The purpose of civil contempt is to coerce the defendant to comply with the court's order. Poston v. Poston, 331 S.C. 106, 111, 502 S.E.2d 86, 88 (1998). In contrast, criminal contempt is intended to punish a party for disobedience and disrespect. Id. Civil contempt sanctions are conditioned on compliance with the court's order. Id. at 112, 502 S.E.2d at 89. Criminal contempt sanctions are unconditional. Id. at 111, 502 S.E.2d at 88. Thus, when the court orders imprisonment for contempt, whether the sanction is civil or criminal depends upon whether the sentence is conditional or for a definite period. Id. at 111-12, 502 S.E.2d at 89. A contemnor imprisoned for civil contempt is said to hold the keys to his cell because he may end the imprisonment and purge himself of the sentence at any time by doing the act he had previously refused to do. Id. at 112, 502 S.E.2d at 89. This distinction between civil and criminal contempt is crucial because criminal contempt triggers additional constitutional safeguards not mandated in civil contempt proceedings. See Miller v. Miller, 375 S.C. 443, 457, 652 S.E.2d 754, 761 (Ct.App.2007).

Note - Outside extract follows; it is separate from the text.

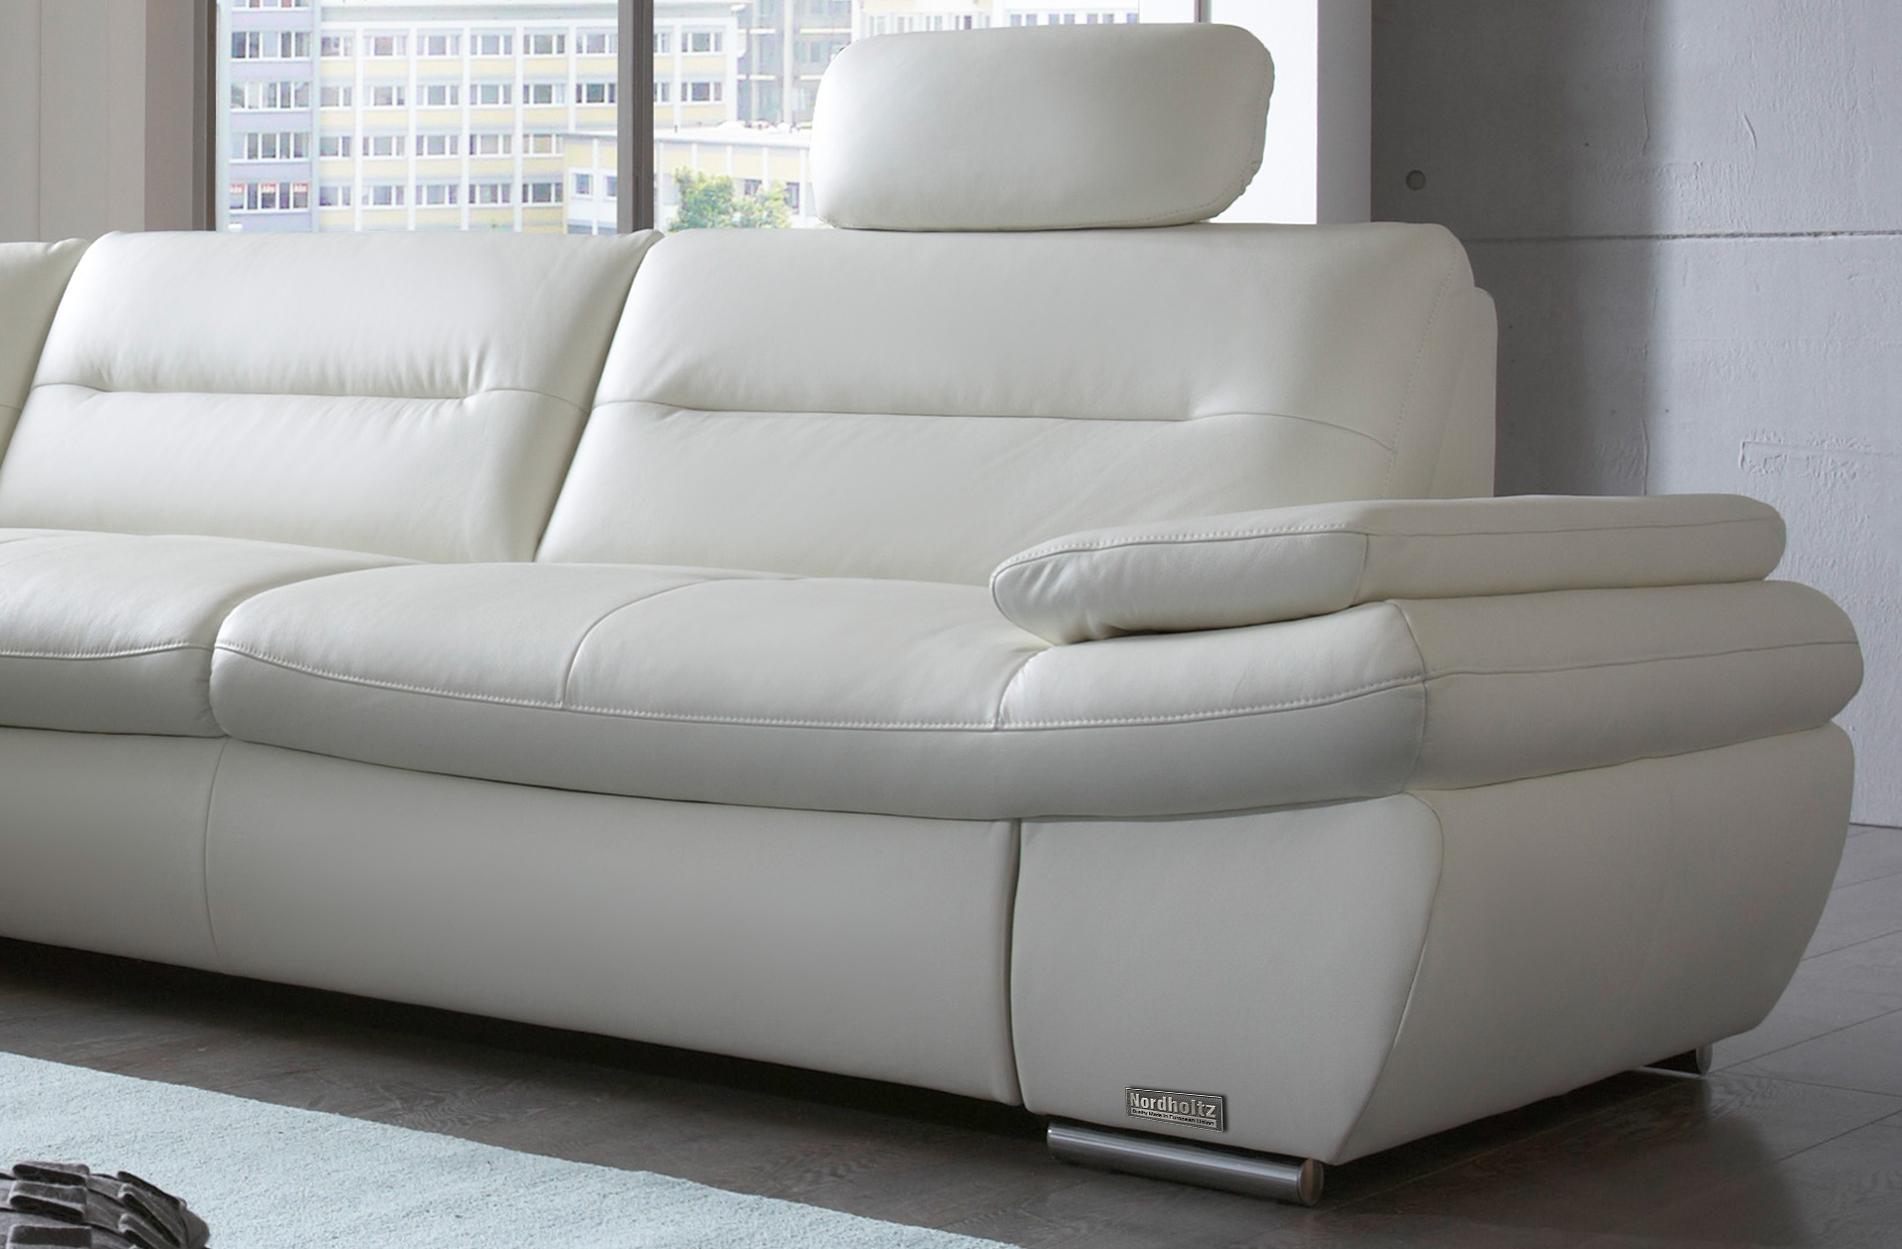 Surprising Alpine Sectional Sofa 9 Nordholtz Furniture Short Links Chair Design For Home Short Linksinfo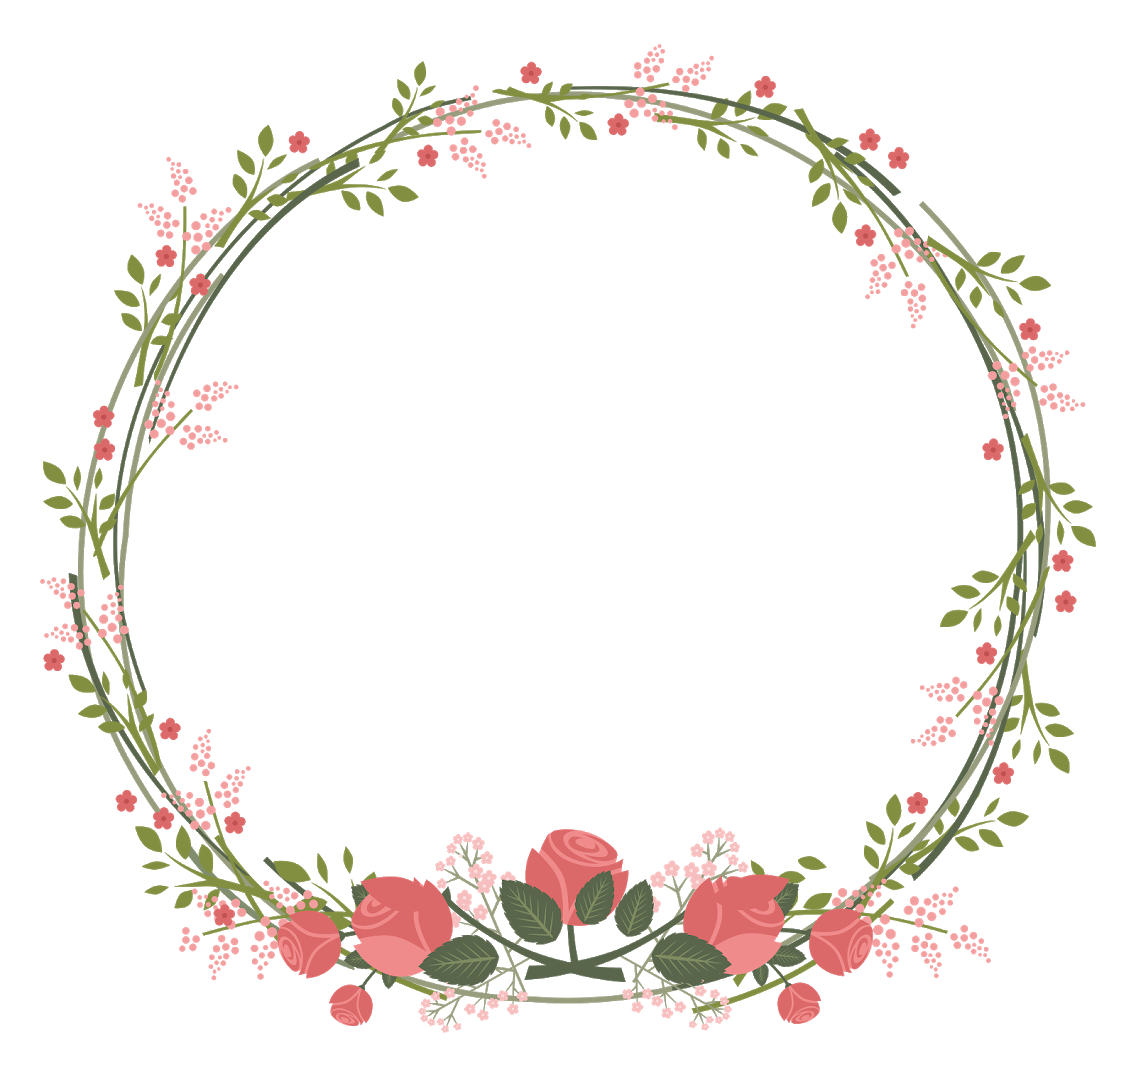 border frame wreath circle round leaves vines vinesan...

Here, the family court judge found Appellant in willful contempt of the support order and sentenced him to twelve months in a detention facility, stating, “He may purge himself of the contempt and avoid the sentence by having a zero balance on or before his release.”1 This conditional sentence is a classic civil contempt sanction. Therefore, Appellant is not constitutionally entitled to appointment of counsel.2


We hold that Appellant does not have a constitutional right to appointed counsel before being incarcerated for civil contempt for nonsupport. Because Appellant may avoid the sentence altogether by complying with the court's previous support order, he holds the keys to his cell door and is not subject to a permanent or unconditional loss of liberty. We affirm the family court's ruling.

Chief Justice TOAL.

BEATTY, KITTREDGE and HEARN, JJ., concur. PLEICONES, J., concurring in result only.